This post is a bit of an experiment. My good friend Steven Wood and I started discussing some collaborations a few months ago. We hope that it ups the quality of our research and also brings some new insights into each of our philosophies. Below is his recent post, for which I helped provide some research on the performance of spin-offs, which was popularized by Joel Greenblatt in the mid 2000's.
One of the most common questions I receive when talking to allocators and advisors is "Have you found factors that just stop working?" I think this post helps answer that question.
March 29, 2018 Steven Wood
We get by with a little help from our friends. The back-testing for this article was done by our dear friend, Ehren Stanhope who writes a great blog, factorinvestor.com. This is the first of what we hope will be many collaborations with Ehren, and we thank him for his generous data-crunching on our behalf.
- Returns from spinoffs are no longer categorically great, but when they work, they WORK
- When the clown car (hedge fund crowd) goes left, we go right.
- Nearly ¾ of our portfolio is undergoing some type of split in the coming years.
- One has to go where there is no competition. Always.
Healthy Break Ups
Your author grew up in a traditional catholic household, in which the Italian-born mother was more comfortable with the F-word than she was with the D-word. The word which must not be named was “divorce,” and our mouths were washed out with soap if we let it slip out.
Yet at the same time, quite paradoxically, numerous relatives showed that separations not only can sometimes make both sides happier but also healthier people. This was the first, of many, paradoxes noticed within Catholic dogma.
In a very similar vein, investors who push for corporate separations are often relegated to the “short-term profit maximizing,” bucket which we so staunchly despise. The evidence supporting long-term thinking and decision-making is large, growing, and nearly irrefutable. We disagree with many activists which call for company separations merely to take a quick buck and move on.
We disagreed with Jana’s insistence that Whole Foods sell itself, though once Amazon decided to enter the physical grocery space, we did eventually prefer to not compete against that combination and were happy to sell our shares to Amazon.
Despite the bad name given to “break it up,” activists, there are in fact many businesses which make sense to stand apart from each other. Of course, the pioneer researcher of spin-offs is Joel Greenblatt, who wrote the tome on the subject You Can Be A Stock Market Genius.
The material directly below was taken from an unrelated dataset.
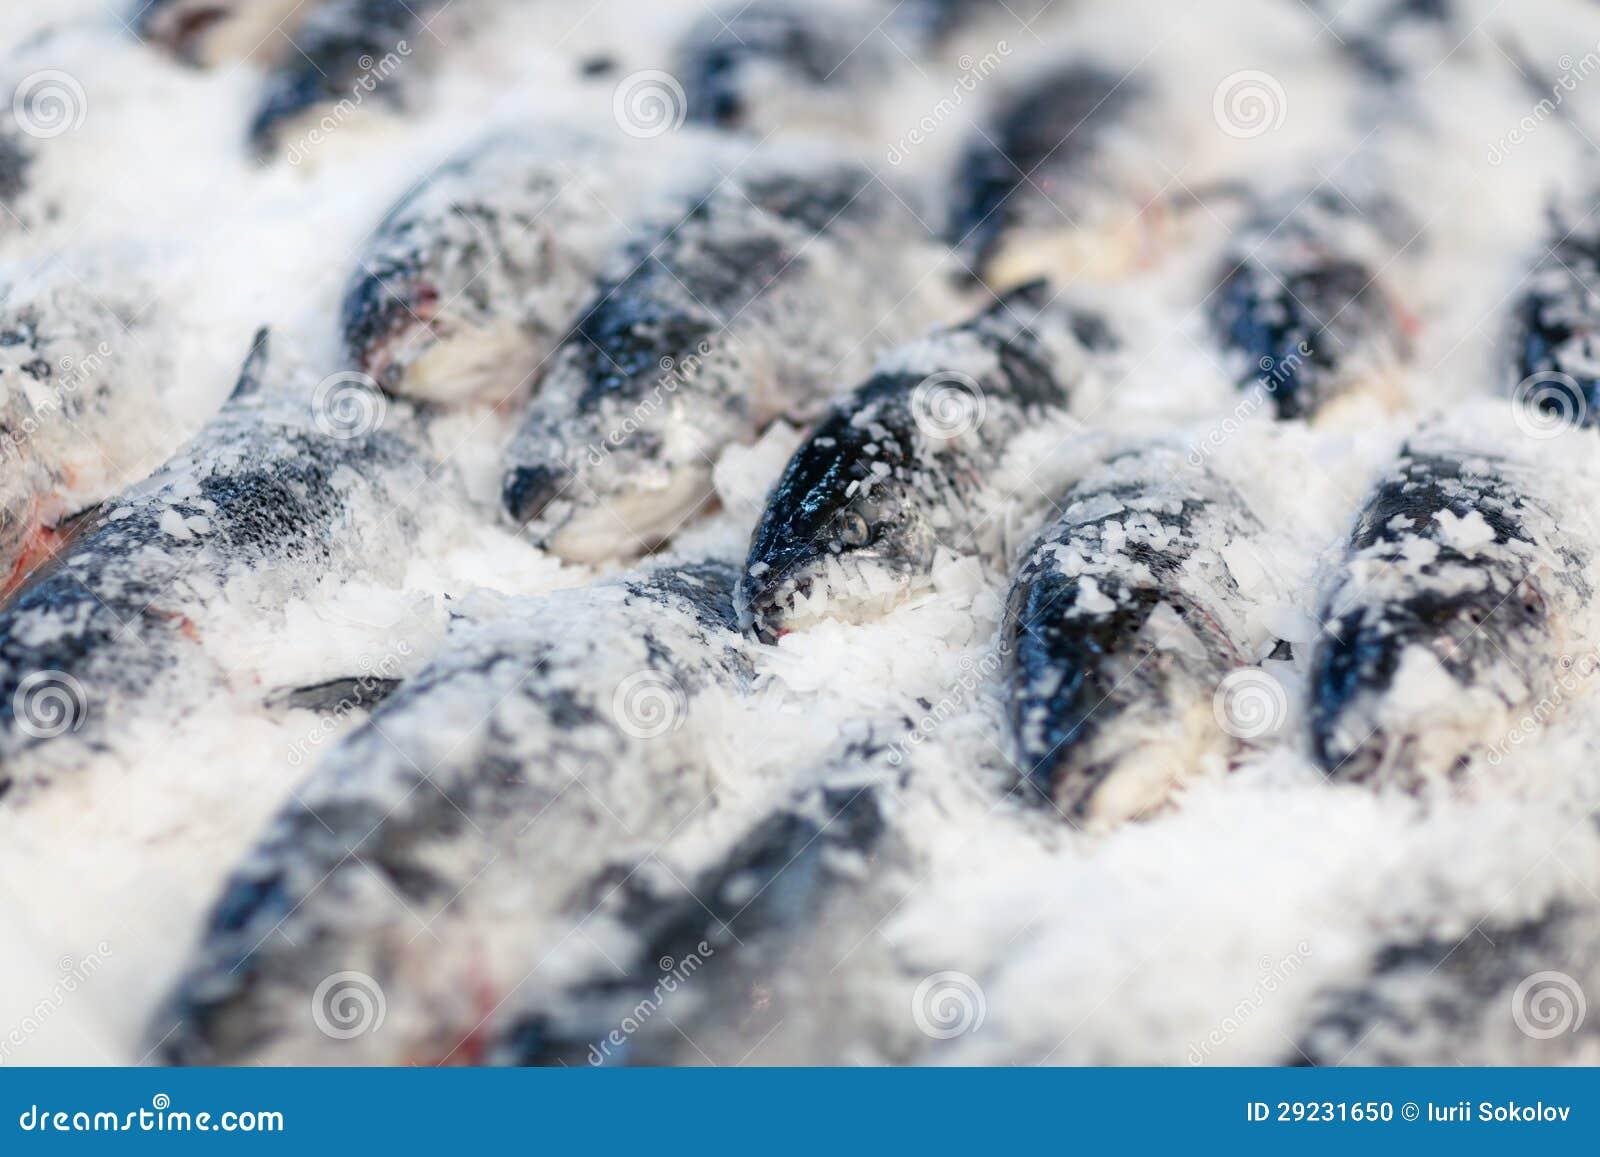 Download Peixes frescos no gelo foto de stock. Imagem de peixes - 29231650

Your author read it in 2004, nearly identically matching the peak interest in the book and special situations in general. In perhaps my first contra-indicator move, I took the bait and joined a Special Situations fund straight out of Tulane. That school was also where I first met Ehren, who generously crunched the data contained in this analysis. I hadn’t even seen the performance of the fund, I simply knew the type of investing made sense and spoke to me.
Apparently, it did for everyone else too.
From Conglomerates to Splits
In January of 1997, Joel Greenblatt published Stock Market Genius. Not coincidentally, it followed less than 18 months after ITT, one of the largest and most famous conglomerates announced it would split itself into three units. The ITT breakup was the tombstone that capped the terrible reputation that conglomerates came to have. Just a few months after Stock Market Genius debuted, ITT announced another 3-way split and the era of conglomerate had officially given way to the era of the spinoff.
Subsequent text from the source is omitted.